从浴室出来,乔治之身上就只随意地裹了条大浴巾。
他用毛巾擦拭着湿漉漉的短髮,便瞧见那被拉上的窗帘……
乔治之视线微微凝了凝,但也没太在意地去了客厅的吧檯。
满上一杯红酒,他就给江盛拨去了电话,开口就是,「猜猜我刚刚睡了谁?」
听到乔治之语气中的兴奋,江盛却一脸正色地劝道:「温馨提示,你知道每年有多少人因为饥不择食,患上了目前还无法治癒的病么?
我没有兴趣知道你刚睡了谁,但作为你的朋友,希望你能把首要的安全问题,严格把控好,否则到时你哭着来求我,我也……」
和一个医生谈论这种问题,简直就是自讨没趣。
乔治之放下手中的红酒杯,连忙打断:「停停停,江盛你给我赶紧住口!被你这么一说,我都有点顾忌了。

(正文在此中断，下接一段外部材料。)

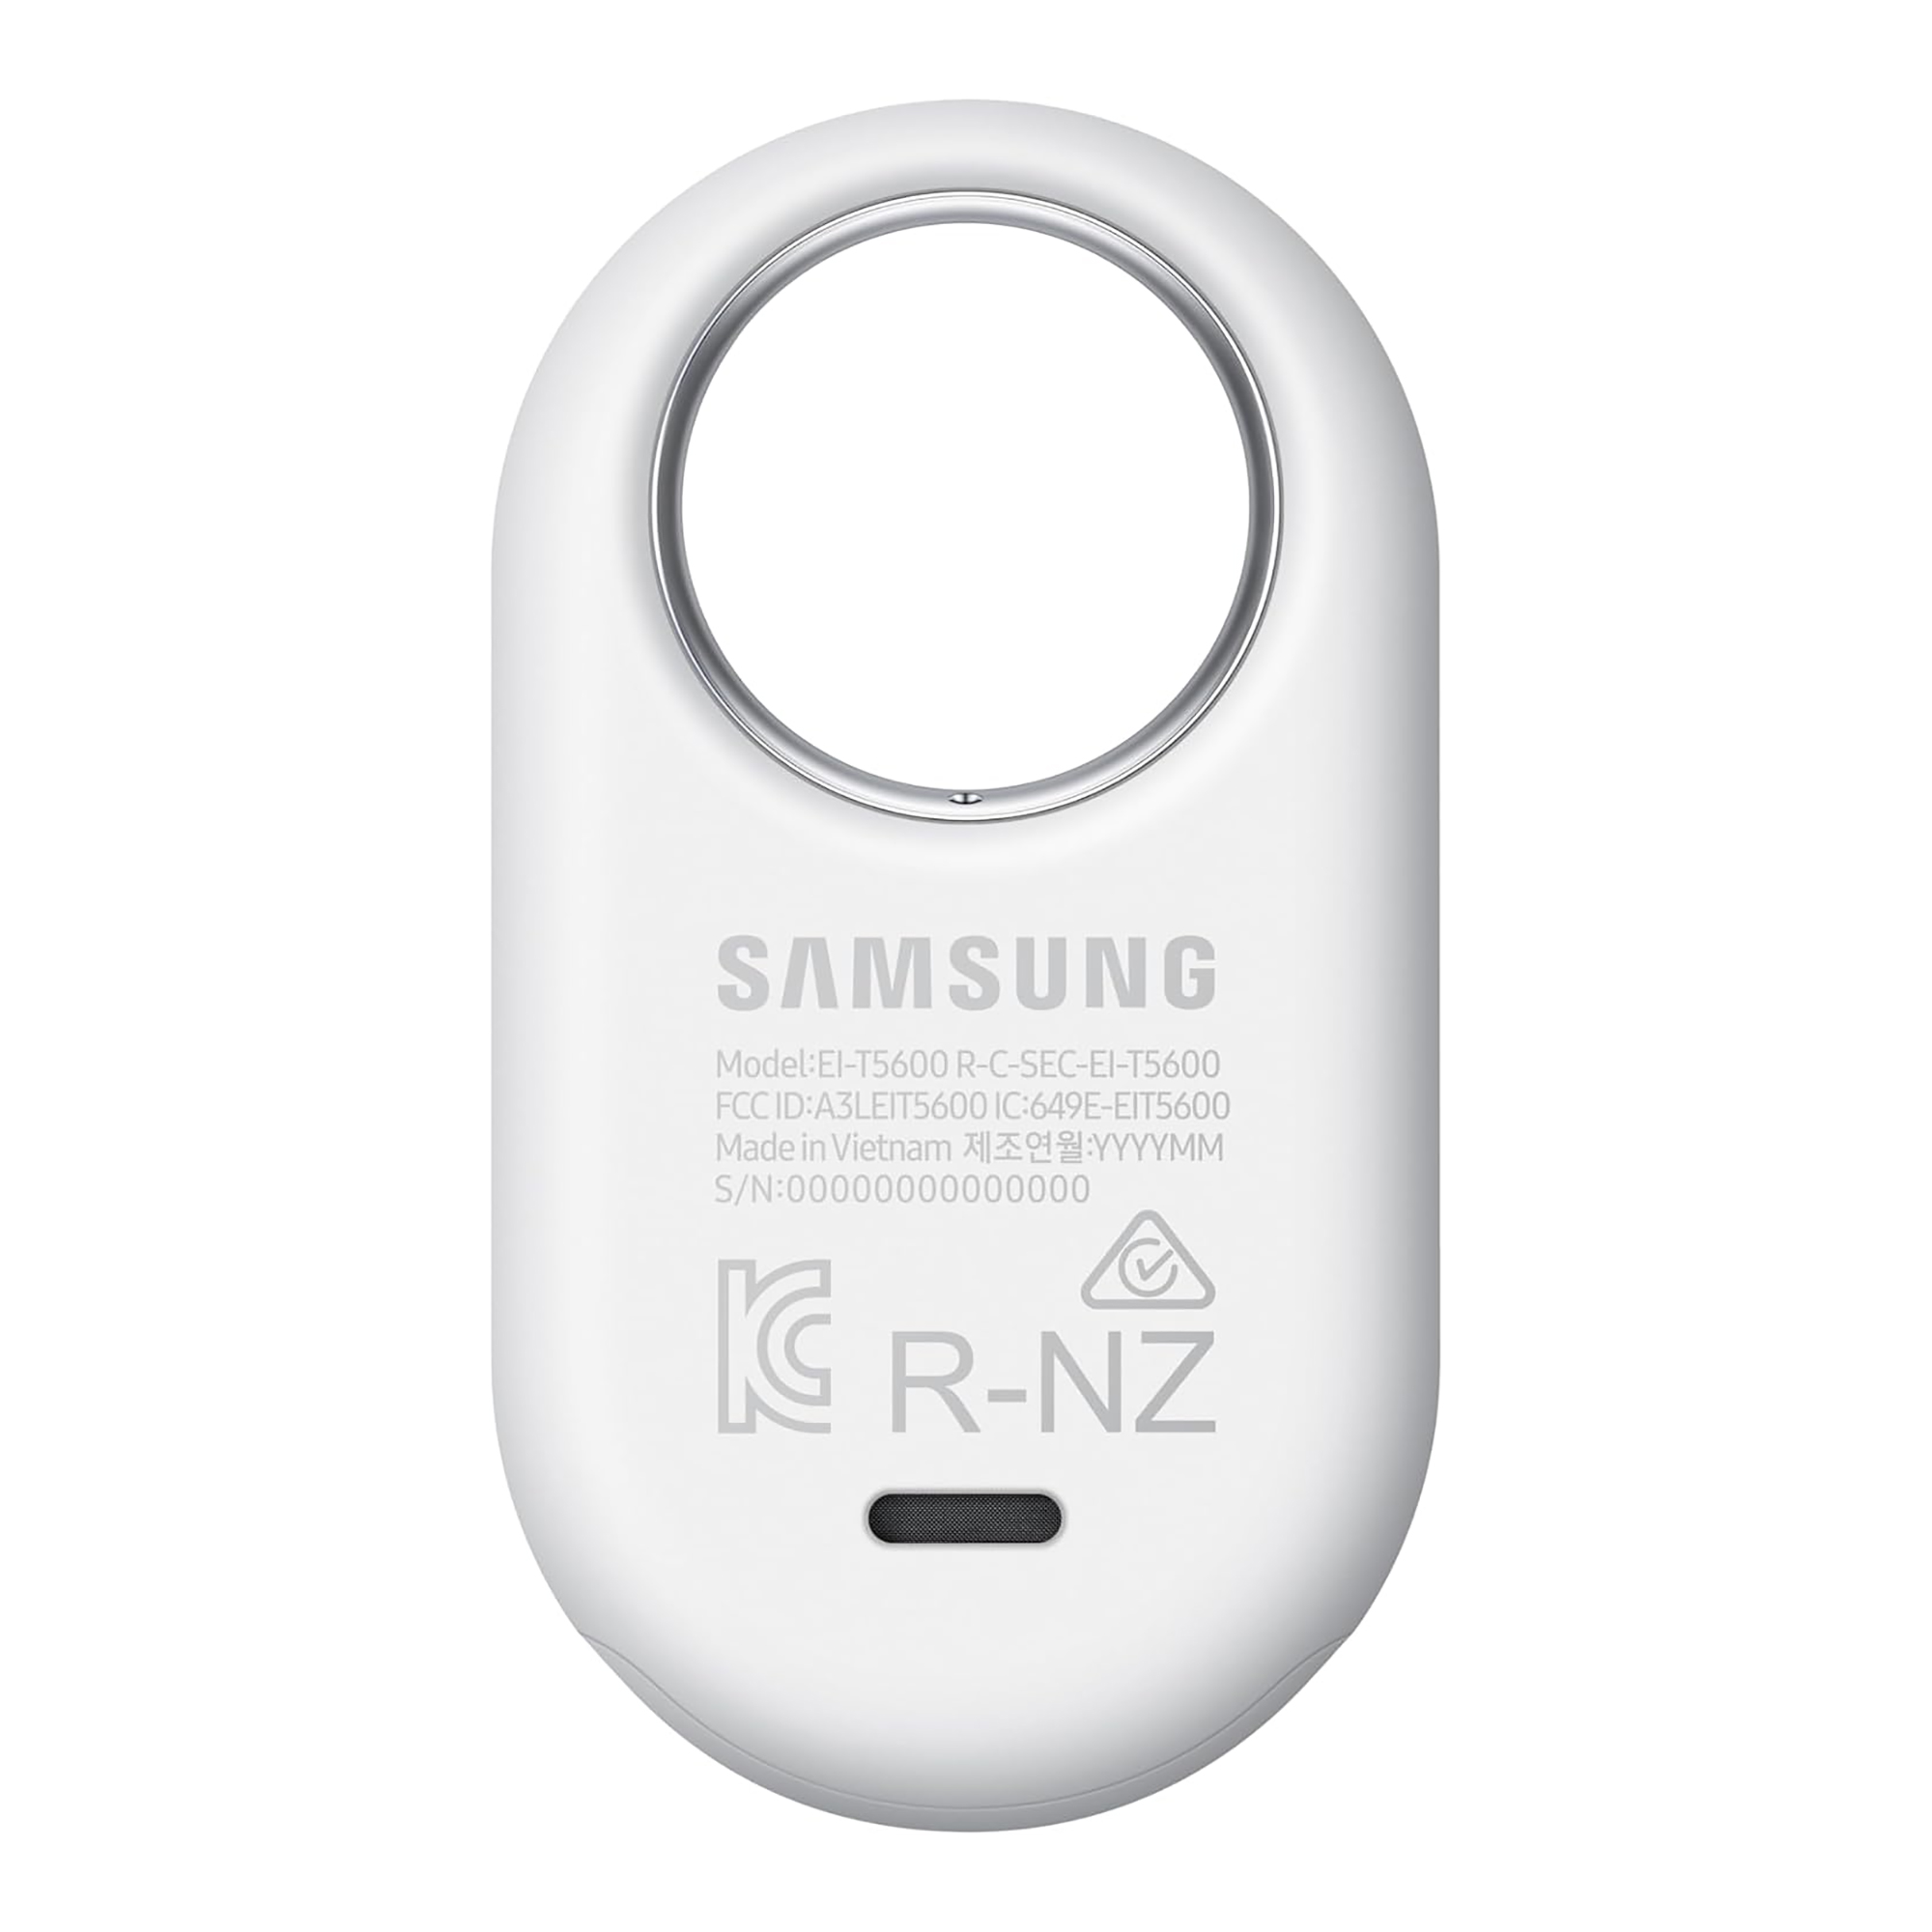 Rastreador Samsung Smarttag 2 Etiqueta Y Encuentra - PcService

照你这样说,这男人和女人之间都不需要进行任何交流了?难不成,你和你女友每天晚上都是盖着棉被纯睡觉?」
他这么讽江盛,纯粹是要反咬一口那专虐单身汪的幸福有妇男。
岂料,江盛直言不讳,「我们分房睡。」
乔治之闻言,下巴差点都掉到地上了,「不是吧,你……阿盛你是和尚吗?这都能忍?你还是不是个正常男人啊?」
江盛淡淡应话:「那不是什么男人不男人的问题,我正不正常,男不男人,无需向你证明,但我对她做了什么,那就是责任问题。」
「我突然好想告知你女人,说你是因为担心患病,才选择洁身自好的。」乔治之认真道,似乎真的有联繫风彼岸的打算。
江盛声音一冷,「警告你,别乱来。」
「好,我投降……」乔治之啧了啧,「不过,你女人怎么能忍得了这么正人君子的你?你再这么下去,小心她误以为你在那方面不行,转脸就跟着别的男人跑了。」
江盛语气坚定,「她不会。」
「切,这么自信,走着瞧呗……」乔治之才将话题拉了回来,说:「我刚刚睡了个跟连城浪漫有那么两分相像的女人,就当开胃菜,连城浪漫才是我要吃的大餐。」
那头的江盛听到这里,面色微沉,「不要一味为了和凌星灿比个高下,而伤害到无辜的人,别忘了浪漫才高一。」
「凭什么不能跟他比?我哪点比他差了?我的现在目标,就是要睡他养了十几年的小青梅,而且还要她自己扑向我,乖乖求我睡,怎样?」乔治之谜之自信着。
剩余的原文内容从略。